So far, I'd have to say this is my personal favourite:
Now, at some stage or another, I'm sure most of us have been guilty of using some words wrongly. Sometimes it could simply be a case of you've never seen it written down and are going completely by ear.
Sometimes with adults it can be a little harder. But generally, intelligent adults will look it up, feel embarrassed and make a point of not misusing that word in future. "To be pacific, if it's any constellation to you..."
Why is it so different in spiritual circles?
There are a number of Hindi words that are commonly misused and I know there is no way to change it - that horse has well and truly bolted. But when I have found myself educated on what the word (and underlying concept) really means, I have made a point of not misusing that word (or concept) any further. Isn't that the right thing to do? I don't see the sense in continuing to use it to mean something different "Just because everyone understands what I mean."
Karma. Most commonly used to mean do bad things and bad things will happen to you. Sometimes used to mean much the same thing but do bad things in this life and your next life will be crappy. It turns out that both are somewhat incorrect.
A chap in several groups I frequent was raised Hindi, this is a bugbear of his. He tirelessly explains (over and over) that it's not that at all. Karma is tied to Samsara which is a purely Hindi concept. If you're not Hindu, you don't have Samsara and therefore no Karma. To break it down even further, it may be your Karma to be a shit in this life, there are lessons for your soul to learn by being a shit. You might think (as many do) that by not being a shit and doing good things you are earning good karma but this is not the case. You'd be going against your karma and therefore it would in fact be bad karma.
I really wish I'd saved one of his patient and polite rants to share it verbatim here.

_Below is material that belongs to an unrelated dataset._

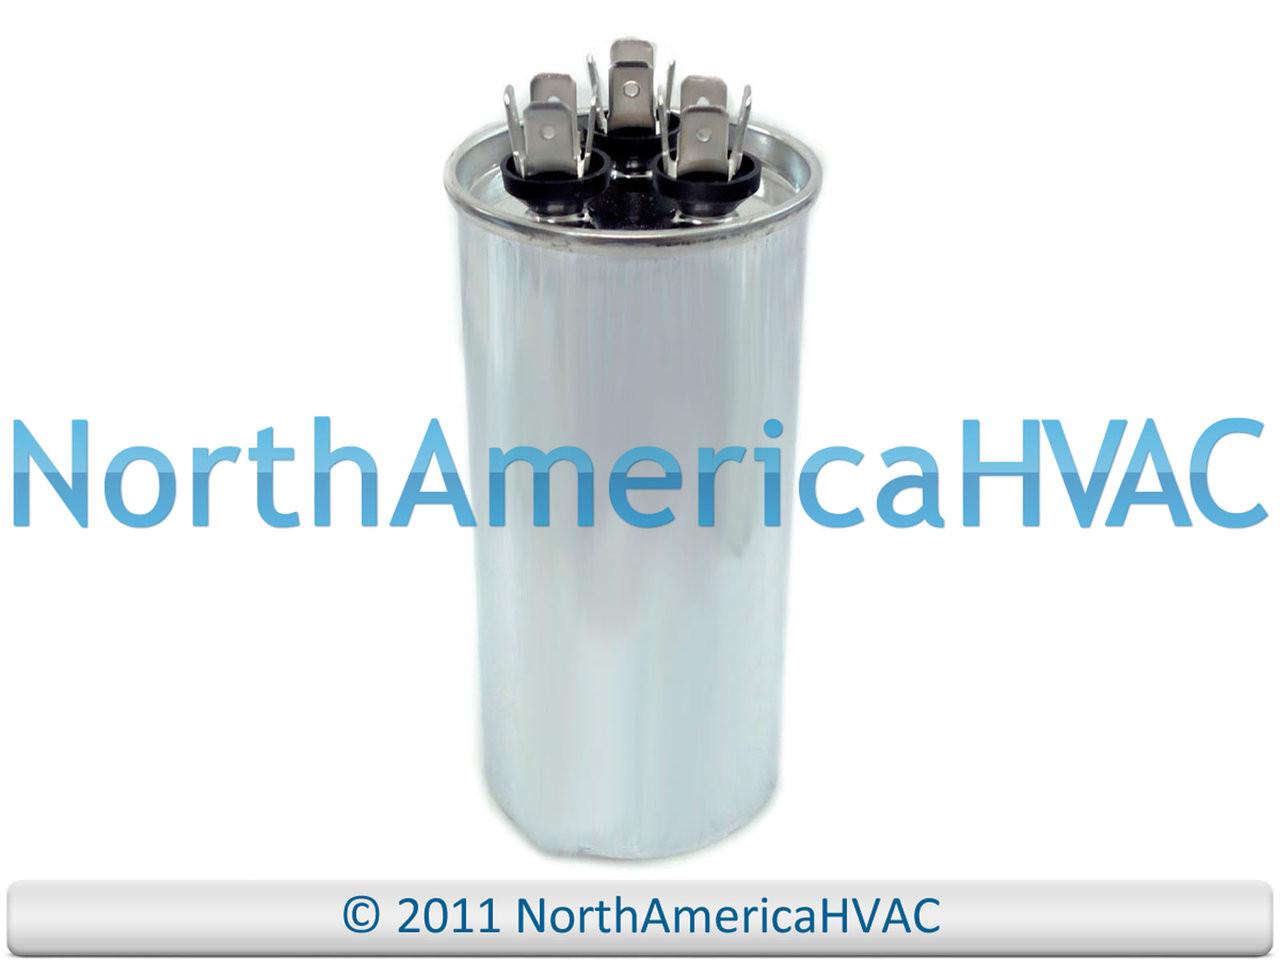 25 uf MFD 370//440 Volt VAC ClimaTek Round Capacitor fits Jard # 12715
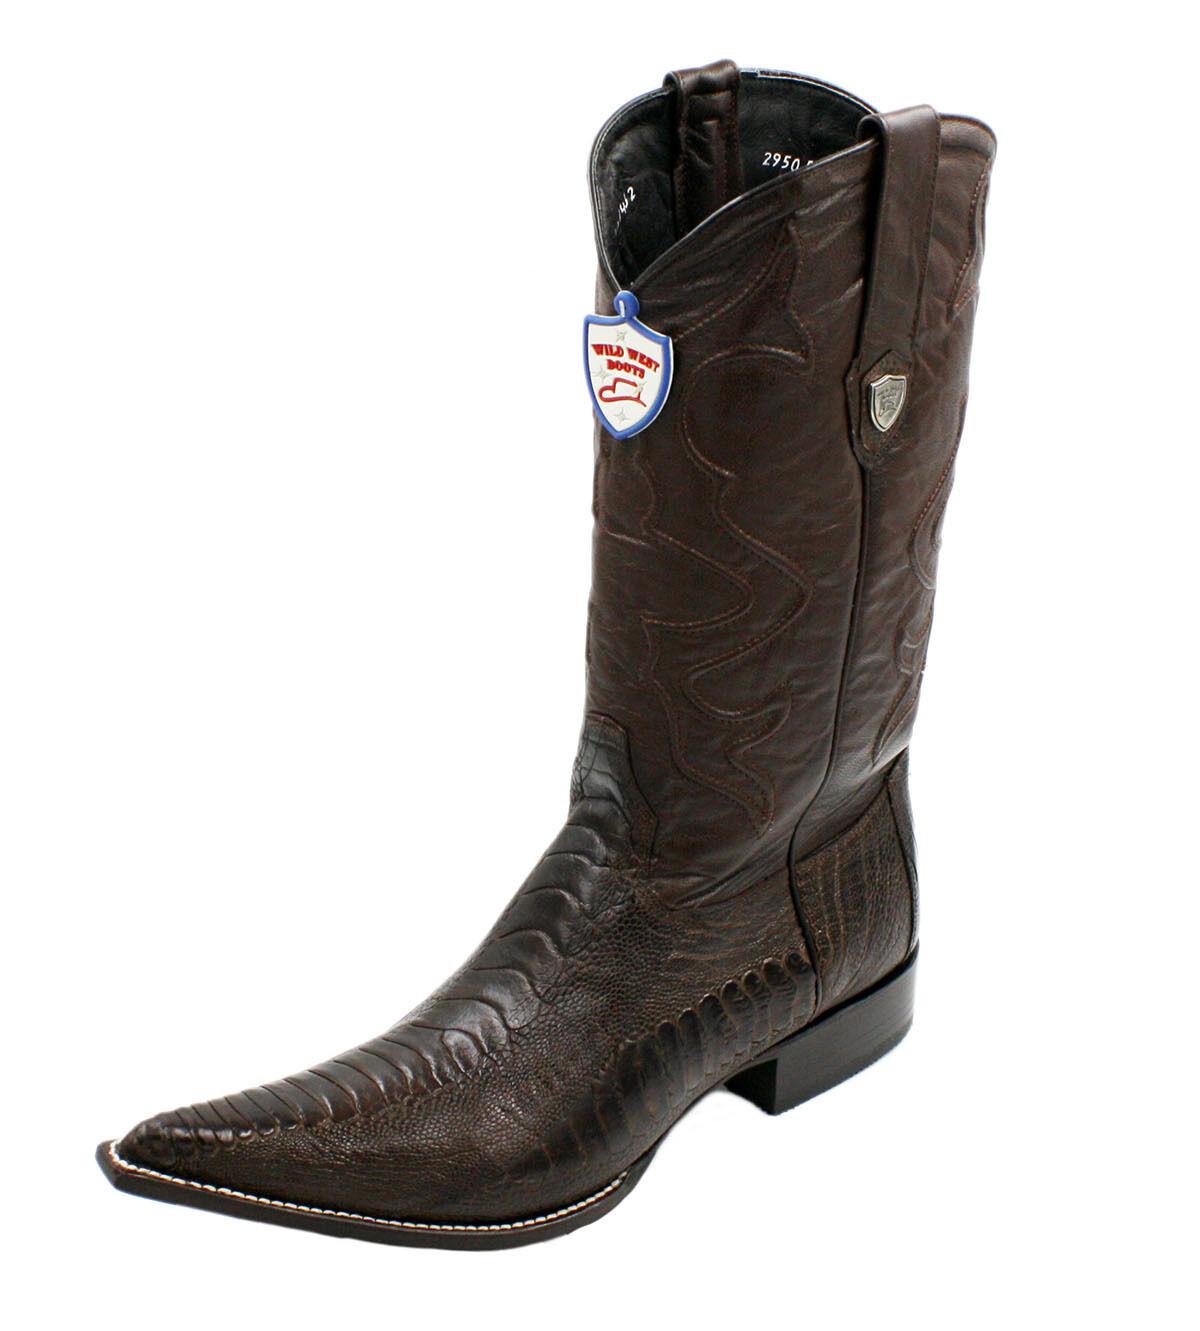 Men Genuine Ostrichleg Leather Cowboy Western Boots Snip Toe Style LA 2950507

Devas is another misunderstood term. Deva means 'deity' - the feminine is Devi which means Goddess. (And a source of amusement for me when my Indian friends couldn't pronounce the 'b' in Debbie and ended up calling me Devi). This is the root from which Divine, Deity and similar meaning words in many European languages has come from.
In the Vedas and the Upanishads, there are 33 Devas mentioned. Some are personifications (or deified personifications) of forces of nature and some are (deified) personifications of moral values. The Vasus are the forces of nature - they are or represent; Earth, Hot Fire, Wind, Space, Eternal, Moon, Sky and Stars.
Somehow in modern usage, deva has come to mean the spirits of the land and plants around you. I've read of this in books and heard it said (although not that commonly).
Again though, when the error is pointed out the response is "it's a widely used term known to mean this".
At what point does this sort of thing become okay? If you know a word is incorrect, why would you continue to use it? Am I a prat for pointing it out or are you the prat for knowingly misusing a word?